DIRECTIONS.
Output nothing but the line containing "espai-vinorum-think-itervin-alimentaria-creartiva" and the lines after it through the end of the material below, each reproduced exactly.

──────── INPUT DATA ────────

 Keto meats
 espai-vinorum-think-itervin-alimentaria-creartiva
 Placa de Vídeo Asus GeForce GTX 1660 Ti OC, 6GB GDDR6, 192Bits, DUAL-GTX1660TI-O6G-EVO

────────

EXERCISE ANSWER.
 espai-vinorum-think-itervin-alimentaria-creartiva
 Placa de Vídeo Asus GeForce GTX 1660 Ti OC, 6GB GDDR6, 192Bits, DUAL-GTX1660TI-O6G-EVO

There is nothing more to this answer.